▸ **Data section**
* * * * * * * * *
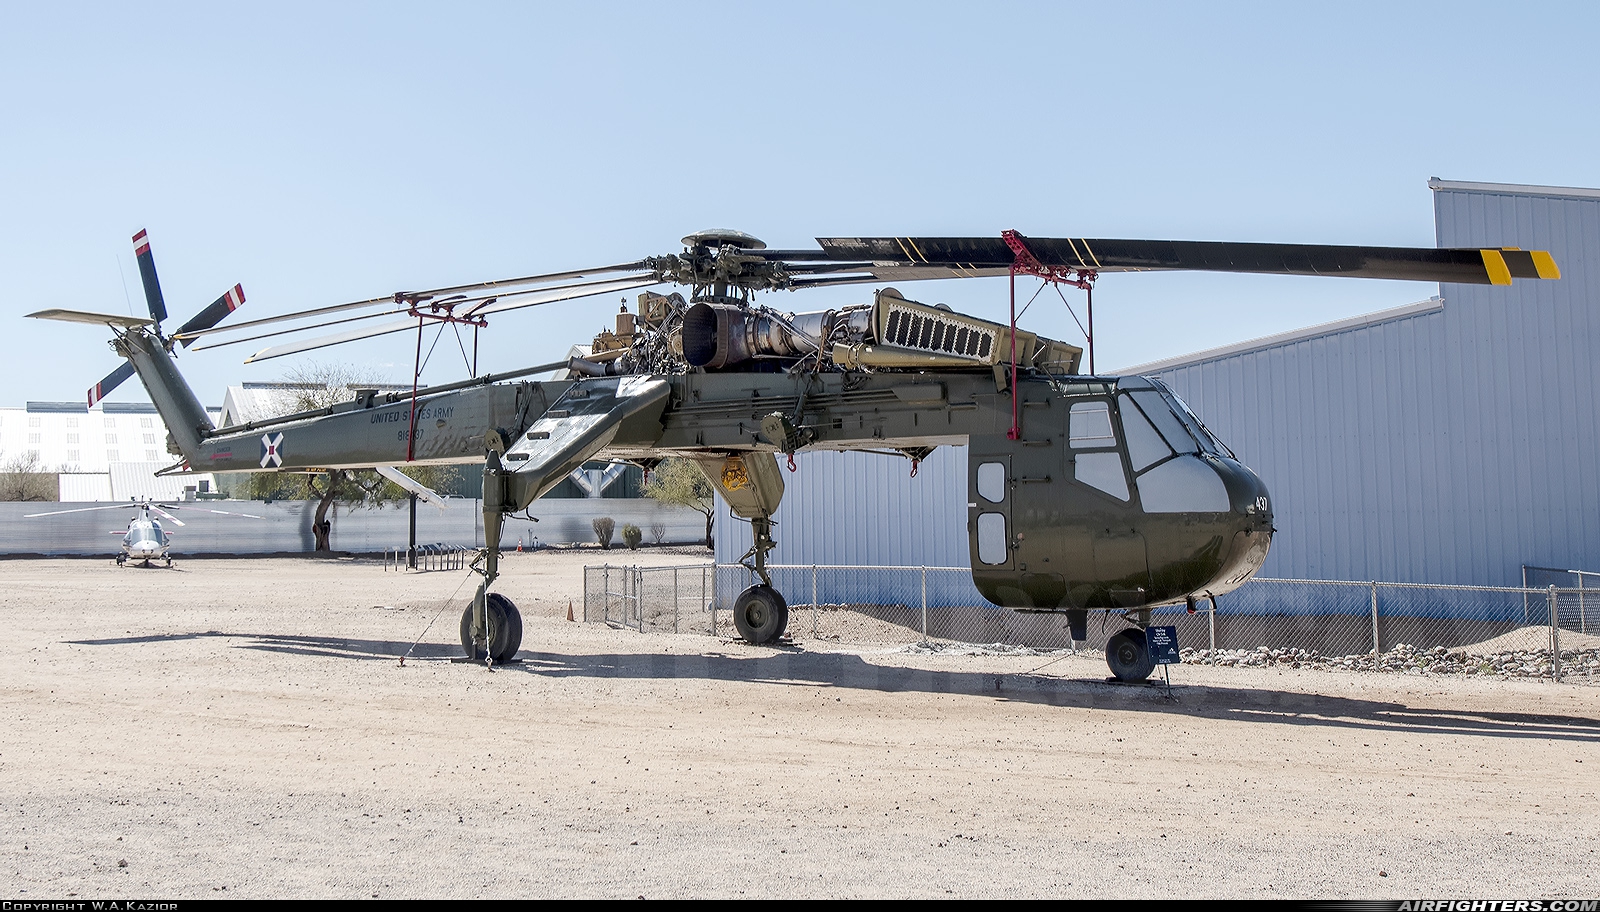 USA - Army Sikorsky CH-54A Tarhe 68-18437 at Tucson - Pima Air and Space Museum, USA
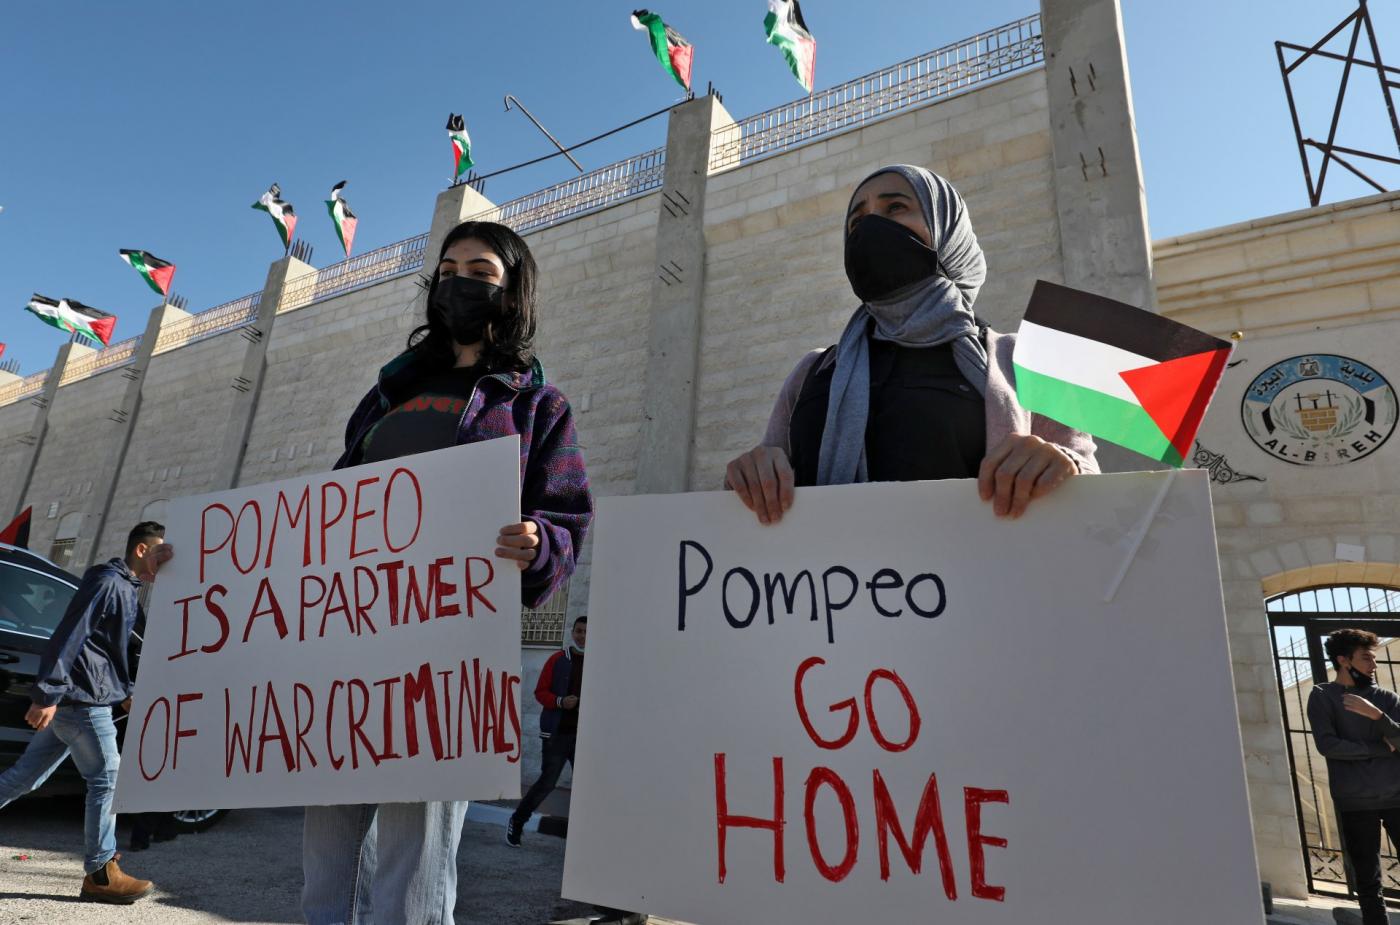 Palestinians protest against Pompeo’s visit to Israeli settlements
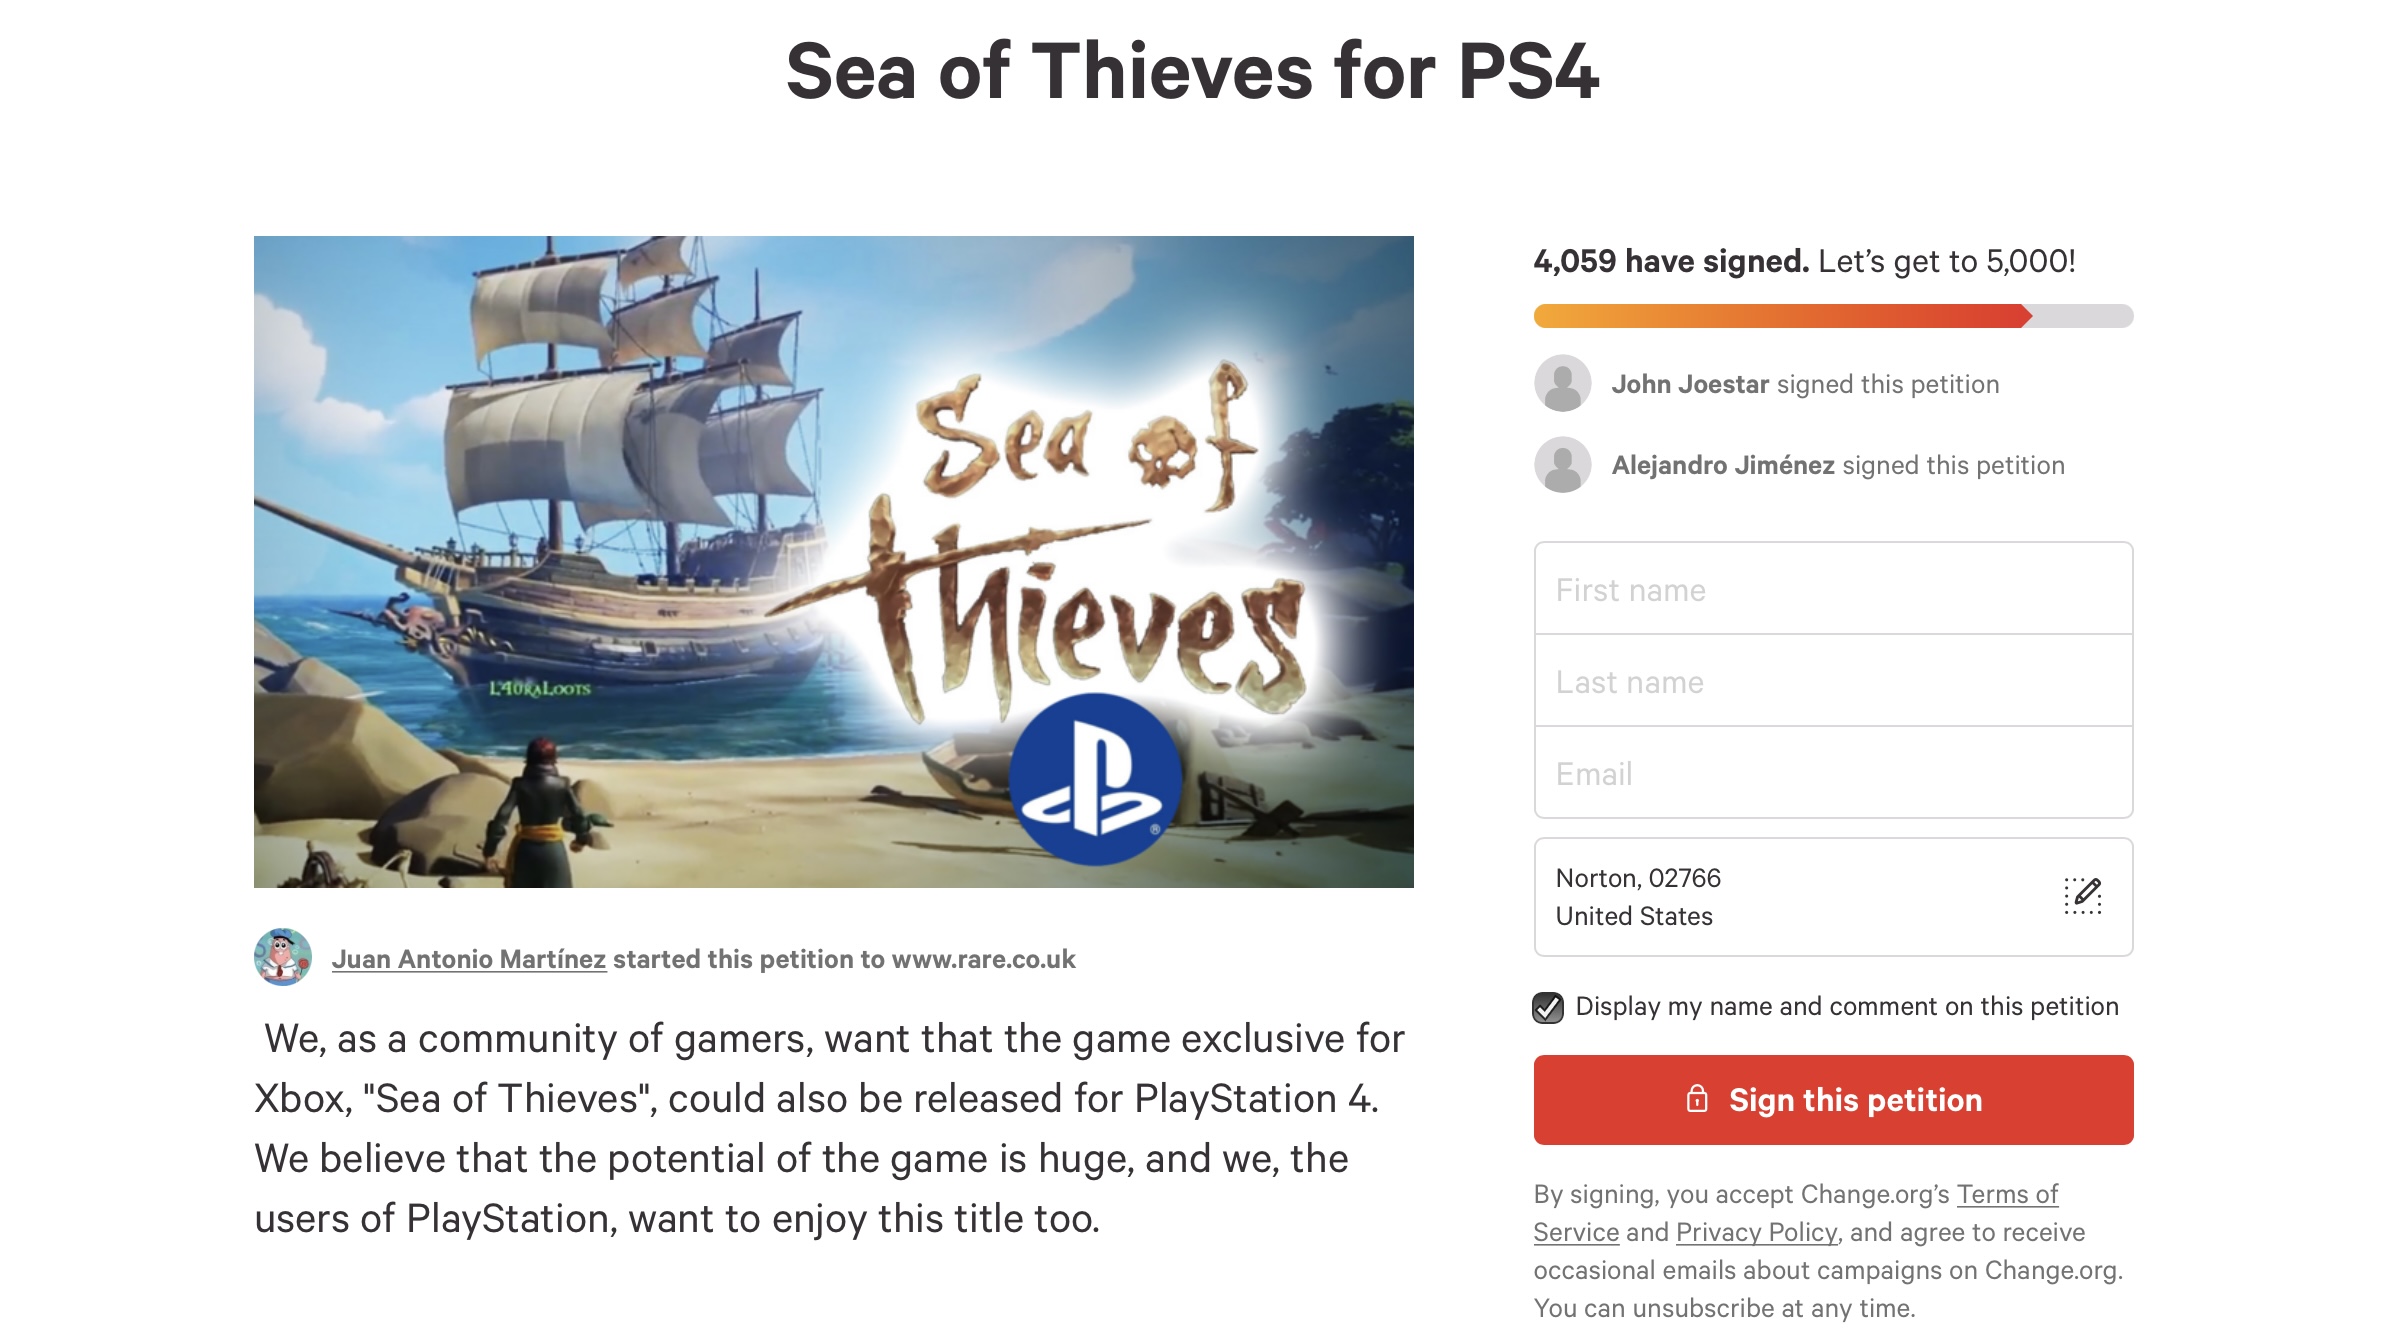 Sea of thieves ps4. Диск Sea of Thieves на ps4. Sea of Thieves на пс4. Море воров на ПС 4. Сколько стоит Sea of Thieves на ps4.
* * * * * * * * *
Only the lines from the one containing "Palestinians protest against" through the last line of the data may appear in the answer, each given again exactly and with pictures left out.

 Palestinians protest against Pompeo’s visit to Israeli settlements
 Sea of thieves ps4. Диск Sea of Thieves на ps4. Sea of Thieves на пс4. Море воров на ПС 4. Сколько стоит Sea of Thieves на ps4.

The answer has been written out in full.